Greece ETF GREK has the lowest P/E ratio of any market in the world.
The Greek market is on sale, and I’m not talking about buying islands.
For the past three years, all of the news coming out of Greece has been negative. First, there were rumors of insolvency, then we had austerity and eventually intervention. Somewhere in between those stories we had riots, protests and political infighting. Things got so bad that the country’s largest corporation—a local bottling arm of Coca-Cola, Coca-Cola HBC AG—announced it was leaving the country without looking back.
And yet, despite all of this negativity, and the stubbornly high rate of unemployment still plaguing the country, Greek shares have been slowly recovering. The Global X FTSE Greece 20 (GREK | F-61) is up more than 20 percent YTD, and if you’re a traditional value investor, that could prove to be just the beginning.

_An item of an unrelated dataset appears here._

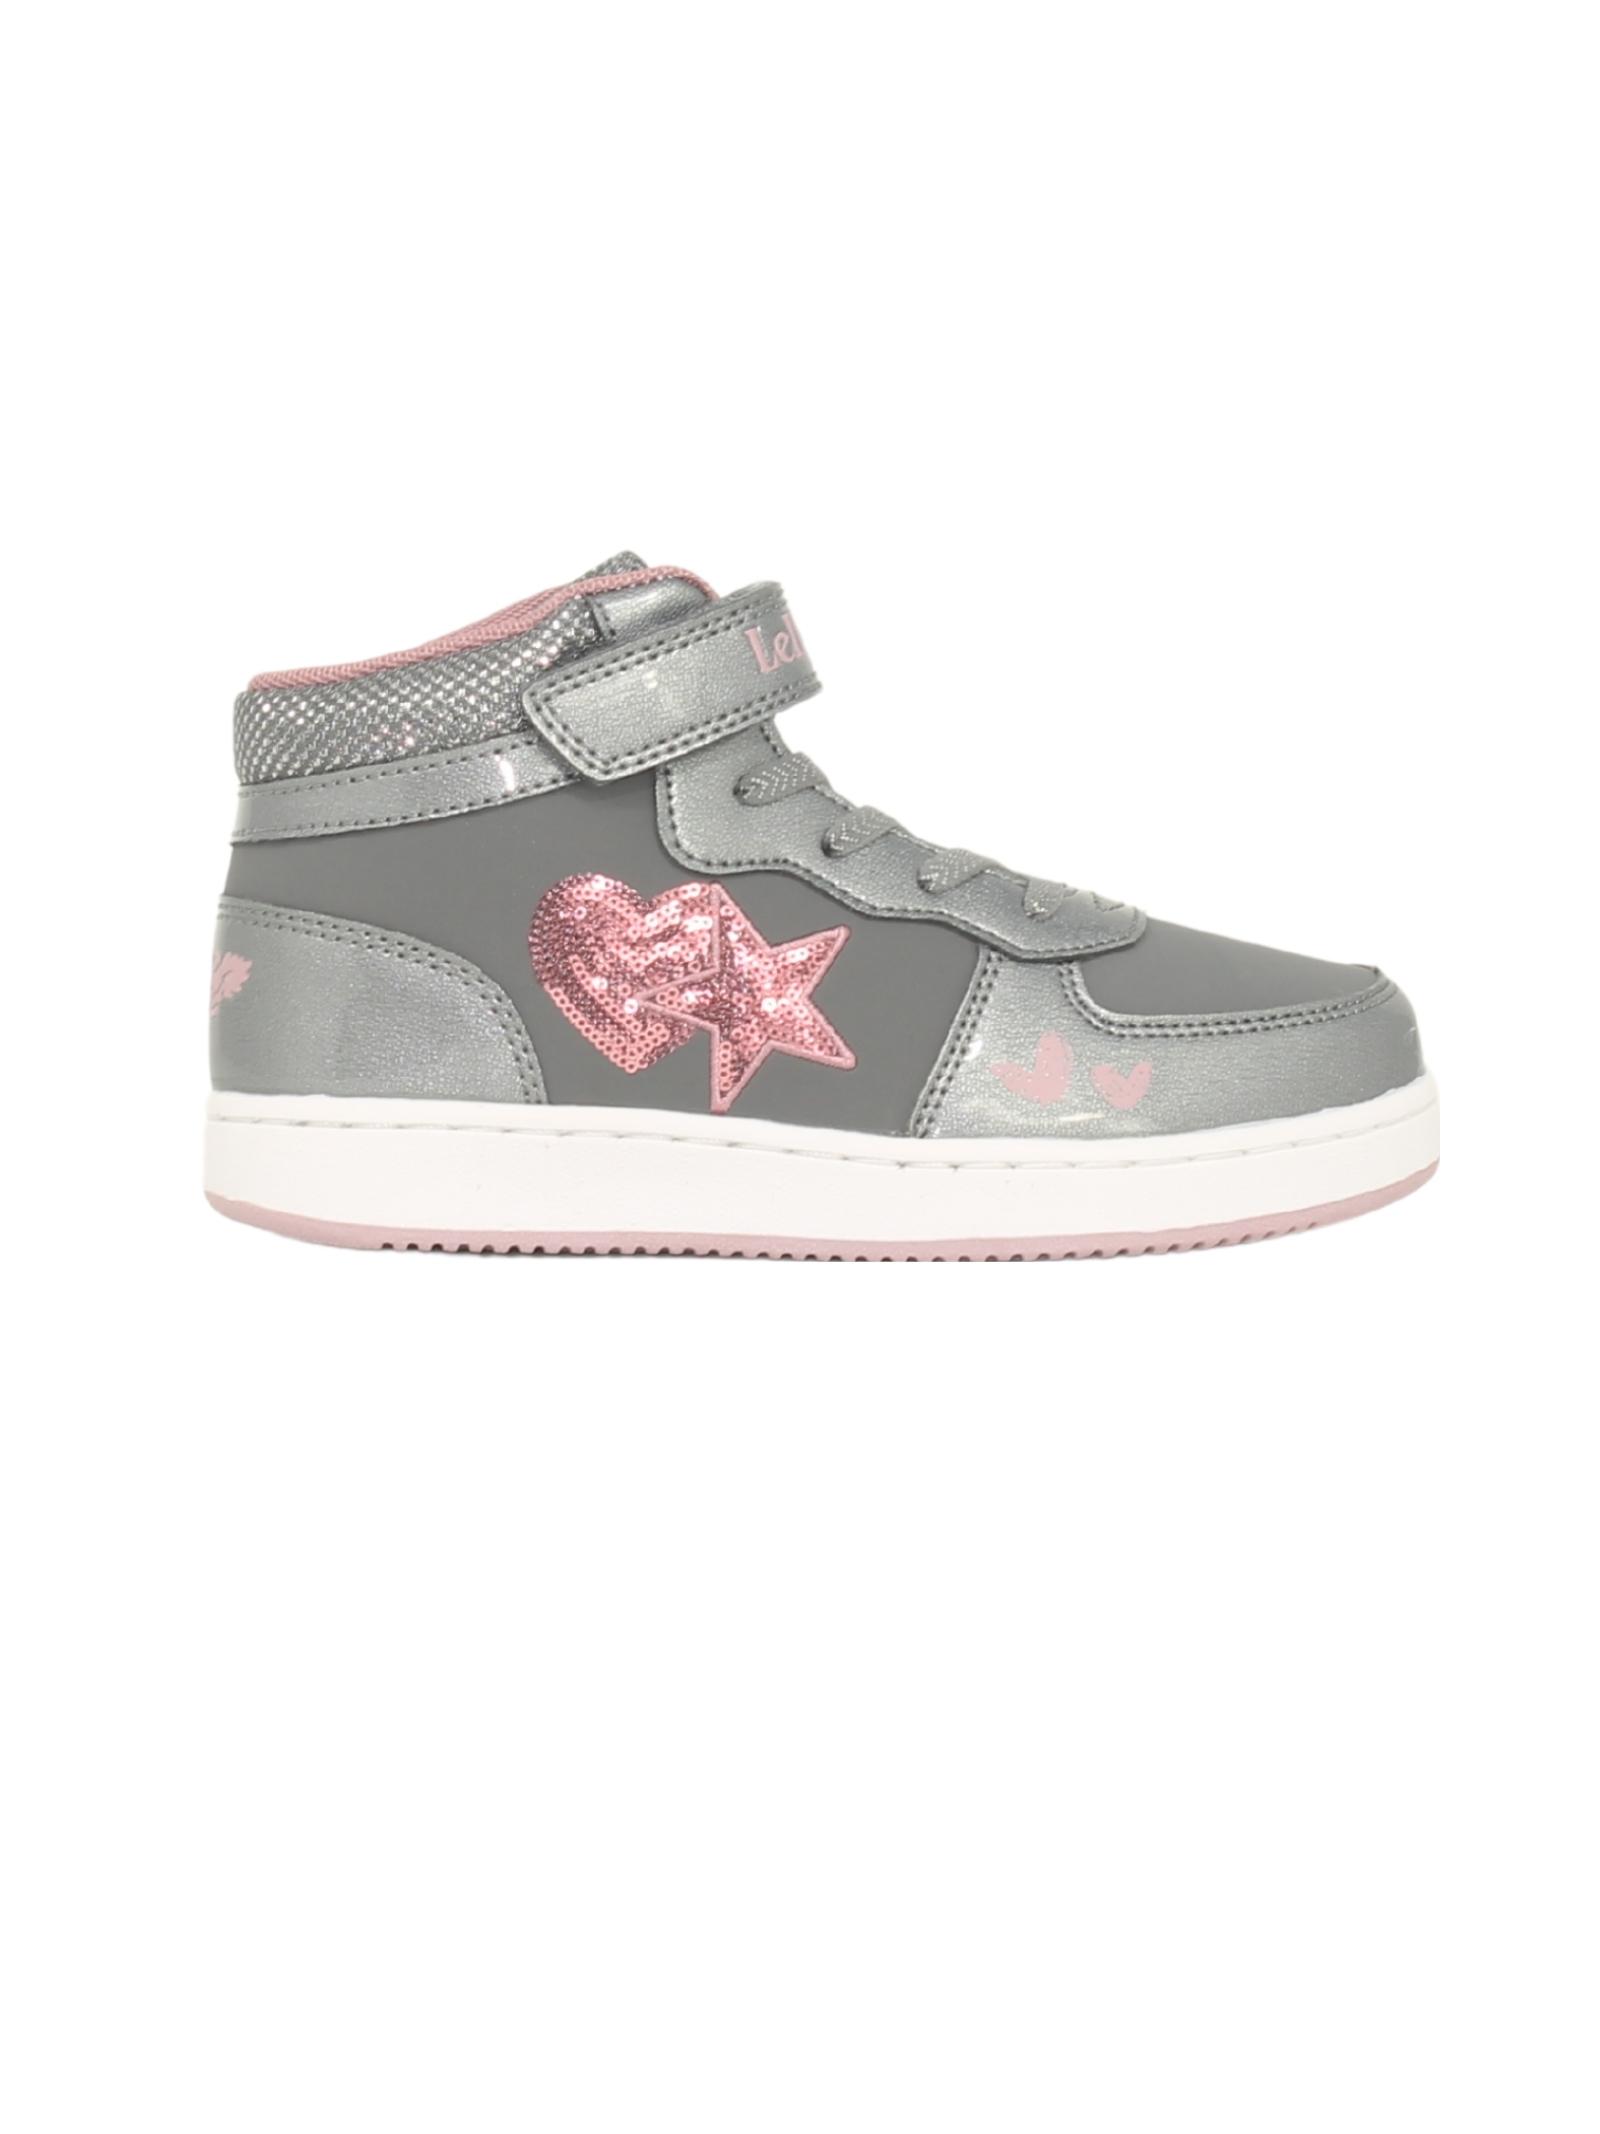 Sneakers Stars Bambina LELLI KELLY | Sneakers | LK4860PELTRO

Based on our in-house data, the trailing price-earnings ratio on GREK is just 1. In other words, you’re paying just $1 for every single dollar in earnings the 20 companies in GREK brought in over the past 12 months. And that figure is not some quirk of the companies in the fund or the selection process. The MSCI Greece Investable Markets index has a P/E of just 2.5. That’s significantly higher than GREK’s portfolio, but still drastically cheaper than any other single country currently covered by an ETF.
To illustrate just how absurd that figure is, take a look at the 10 cheapest single-country ETFs in our system. Of course, a P/E ratio is only applicable to equity ETFs. Commodities, fixed-income (corporate or otherwise) and currency ETFs don't hold companies, and therefore don't have underlying earnings. The cheapest ETF—as measured by P/E—must therefore be an equity ETF.
Compared with that list, GREK sticks out like a sore thumb. No matter how much trouble Russia seems to be in economically (and politically, for that matter) its market is still priced at 5 times trailing earnings, or 500 percent higher than GREK. Even if you think Greek companies will struggle in the coming months and years, surely there’s a case to be made for buying Greek earnings for 104 cents on the dollar.